Every line from the start of the data through the line containing "Flat silver bars" should be retyped exactly; the pictures should not.
____ Stored data
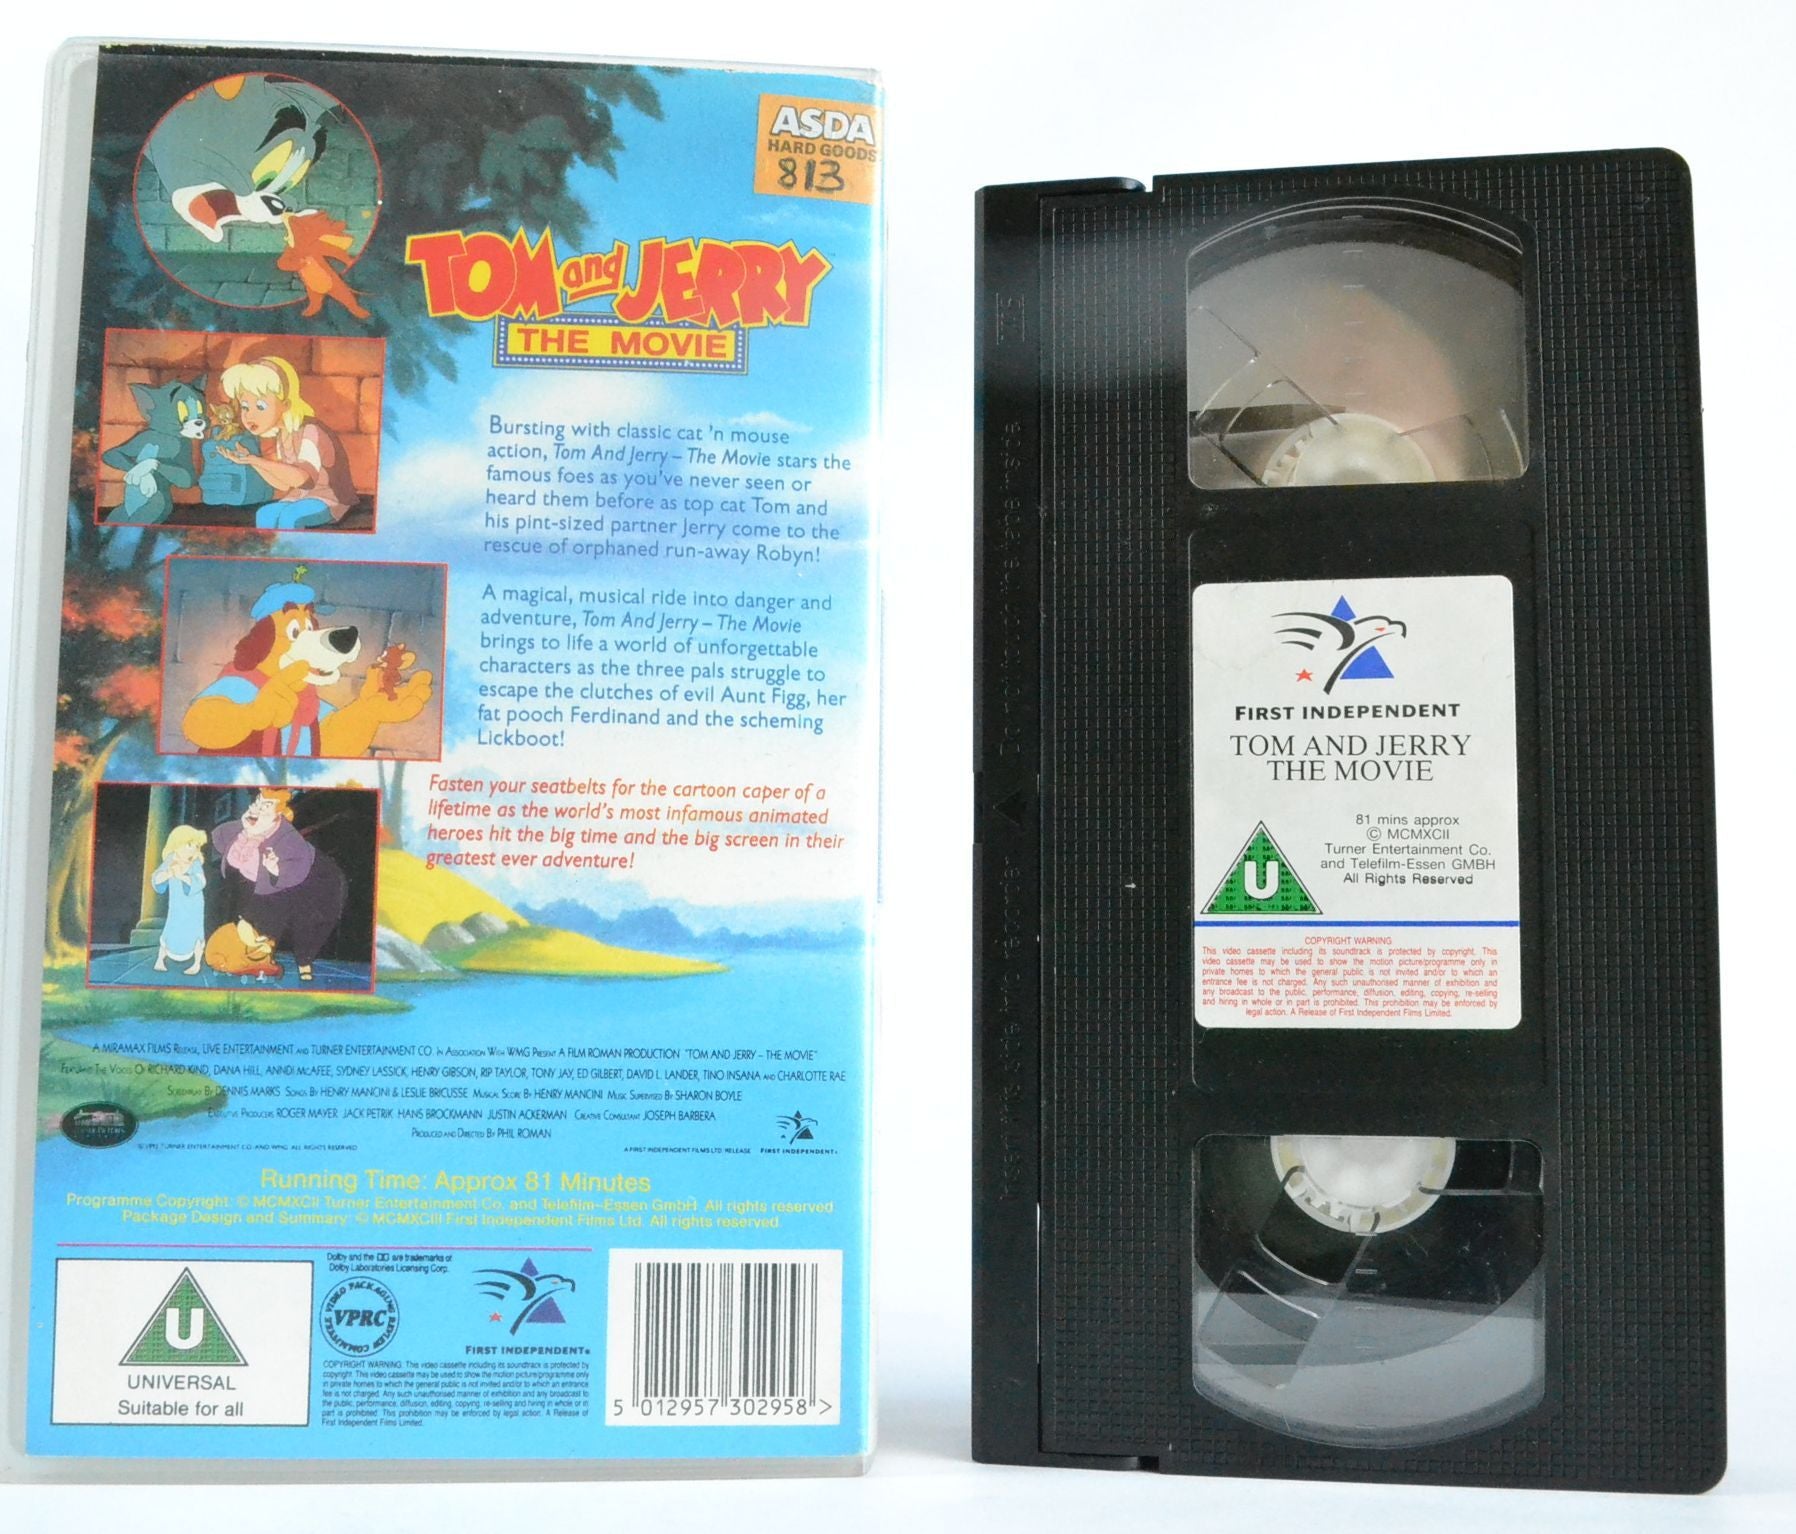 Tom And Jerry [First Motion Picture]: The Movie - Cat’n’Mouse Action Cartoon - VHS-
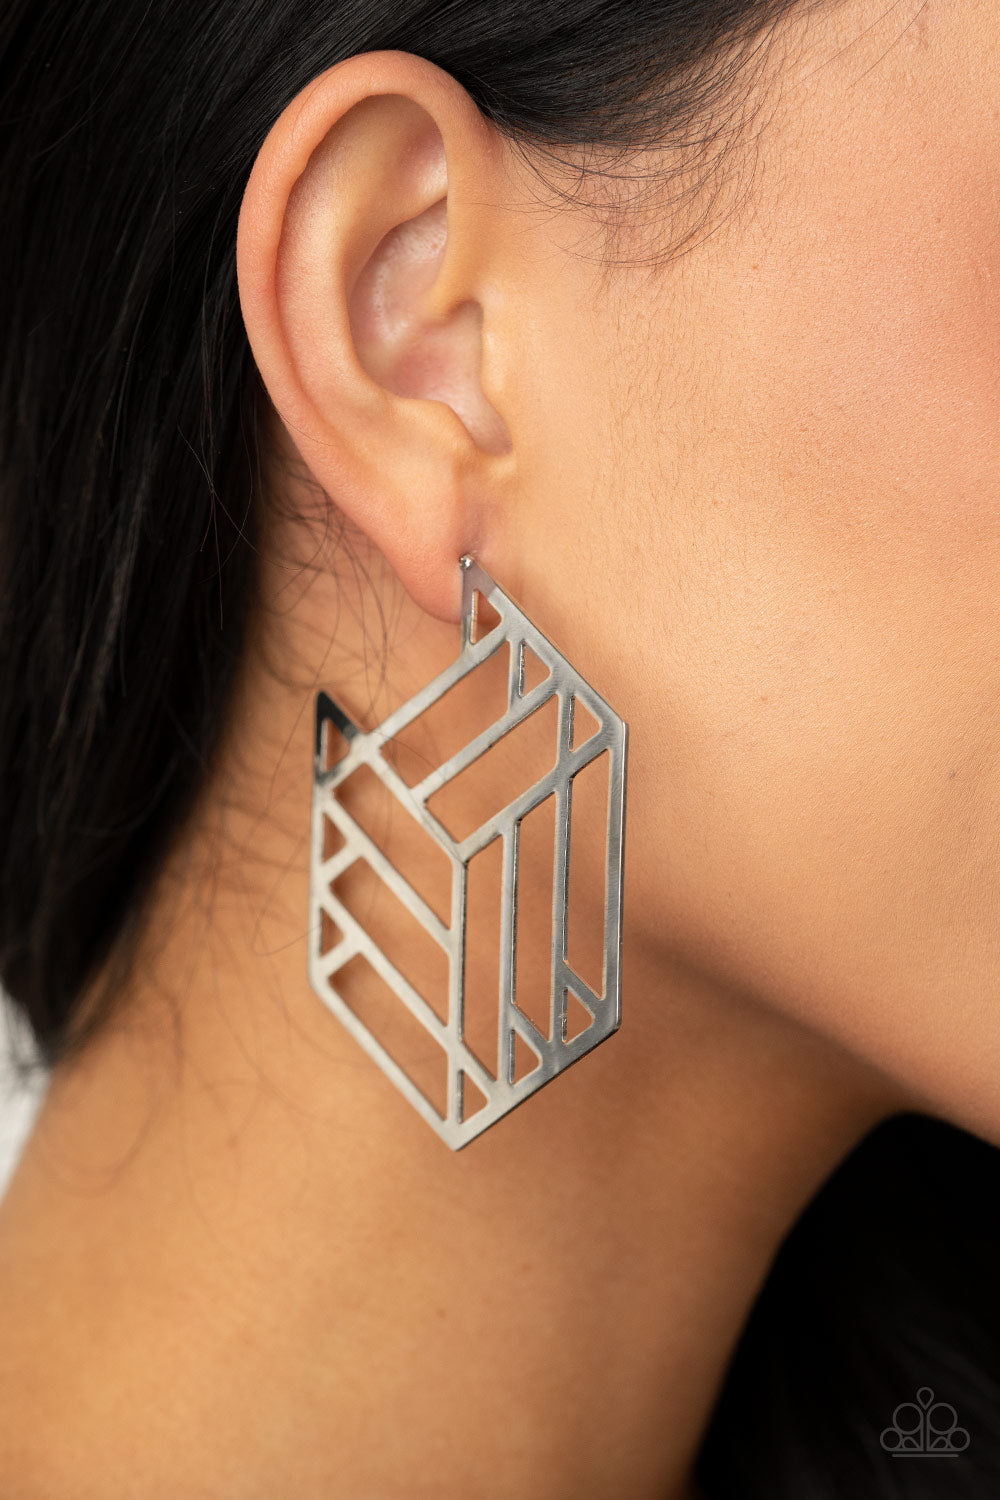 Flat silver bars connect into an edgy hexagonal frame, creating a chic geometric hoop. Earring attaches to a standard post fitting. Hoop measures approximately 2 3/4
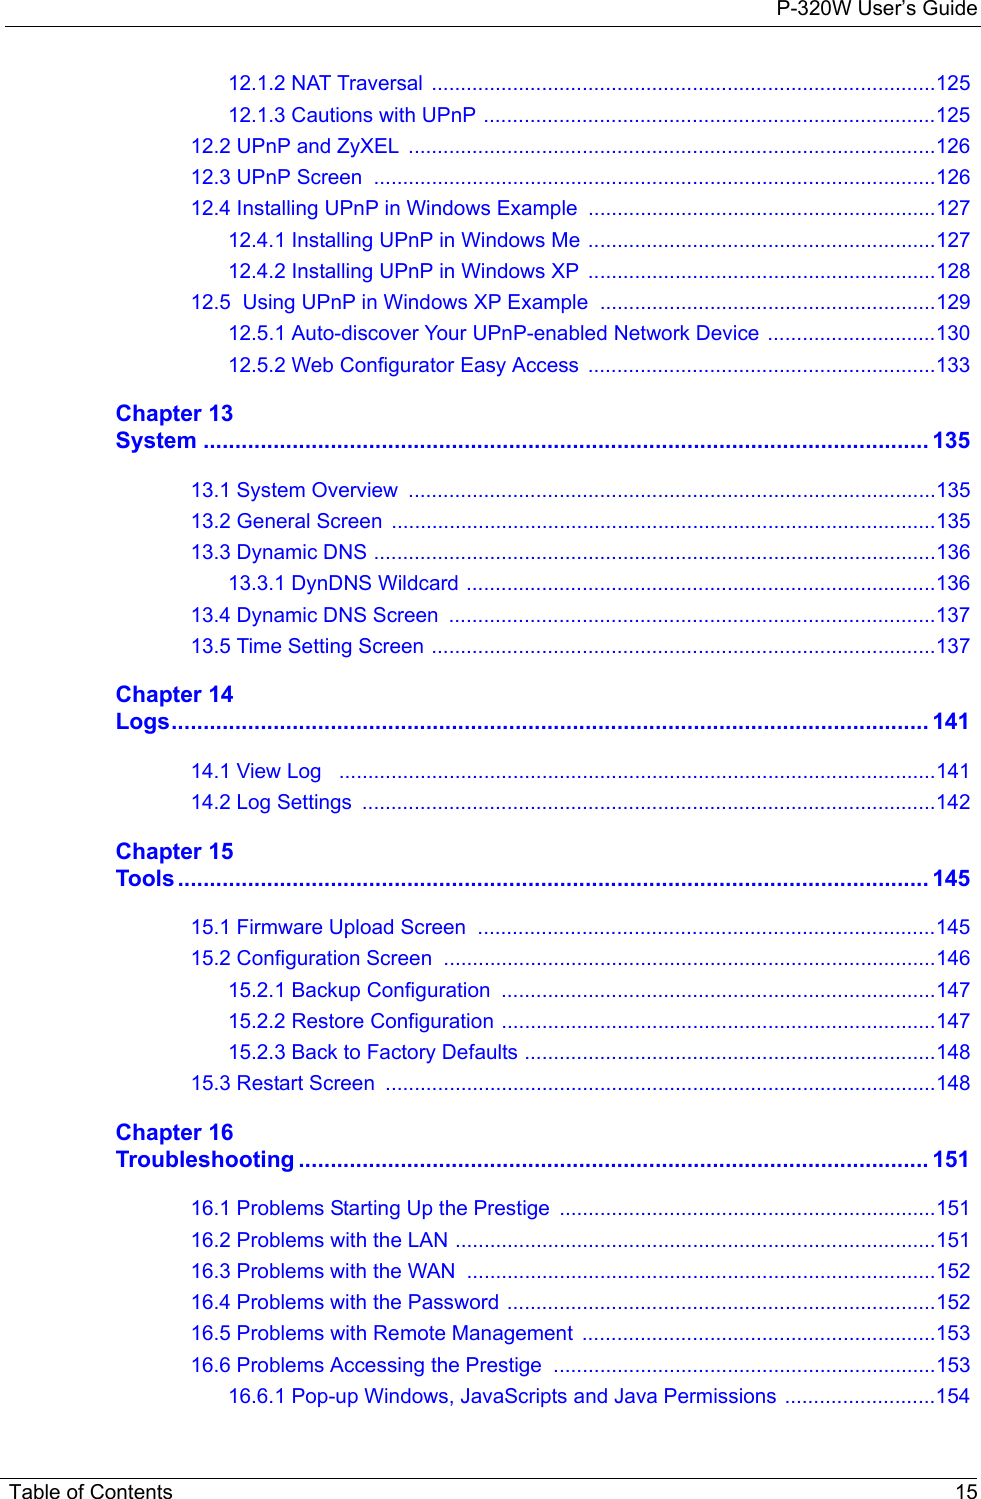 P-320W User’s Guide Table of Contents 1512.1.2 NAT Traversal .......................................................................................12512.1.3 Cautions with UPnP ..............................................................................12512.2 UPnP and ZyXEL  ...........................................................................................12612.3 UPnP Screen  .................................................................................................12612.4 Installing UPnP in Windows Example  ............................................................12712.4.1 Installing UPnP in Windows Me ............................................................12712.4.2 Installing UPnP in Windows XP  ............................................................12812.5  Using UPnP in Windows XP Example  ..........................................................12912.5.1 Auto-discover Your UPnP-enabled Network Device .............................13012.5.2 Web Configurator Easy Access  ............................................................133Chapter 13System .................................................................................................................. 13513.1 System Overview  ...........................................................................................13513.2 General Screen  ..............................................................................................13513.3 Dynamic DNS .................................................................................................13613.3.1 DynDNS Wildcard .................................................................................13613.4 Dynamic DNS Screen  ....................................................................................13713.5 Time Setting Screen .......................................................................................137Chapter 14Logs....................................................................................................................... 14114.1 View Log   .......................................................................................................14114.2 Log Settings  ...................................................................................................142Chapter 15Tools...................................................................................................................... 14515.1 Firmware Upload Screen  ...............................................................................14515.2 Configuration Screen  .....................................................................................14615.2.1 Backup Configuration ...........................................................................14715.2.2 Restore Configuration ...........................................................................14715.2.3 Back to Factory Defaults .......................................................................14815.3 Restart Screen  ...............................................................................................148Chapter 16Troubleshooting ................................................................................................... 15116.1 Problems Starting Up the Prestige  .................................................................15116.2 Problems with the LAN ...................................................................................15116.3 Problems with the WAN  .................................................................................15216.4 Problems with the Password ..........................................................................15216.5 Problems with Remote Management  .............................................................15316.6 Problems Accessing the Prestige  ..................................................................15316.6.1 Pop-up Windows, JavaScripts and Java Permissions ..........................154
________
Output below:
 Tom And Jerry [First Motion Picture]: The Movie - Cat’n’Mouse Action Cartoon - VHS-
 Flat silver bars connect into an edgy hexagonal frame, creating a chic geometric hoop. Earring attaches to a standard post fitting. Hoop measures approximately 2 3/4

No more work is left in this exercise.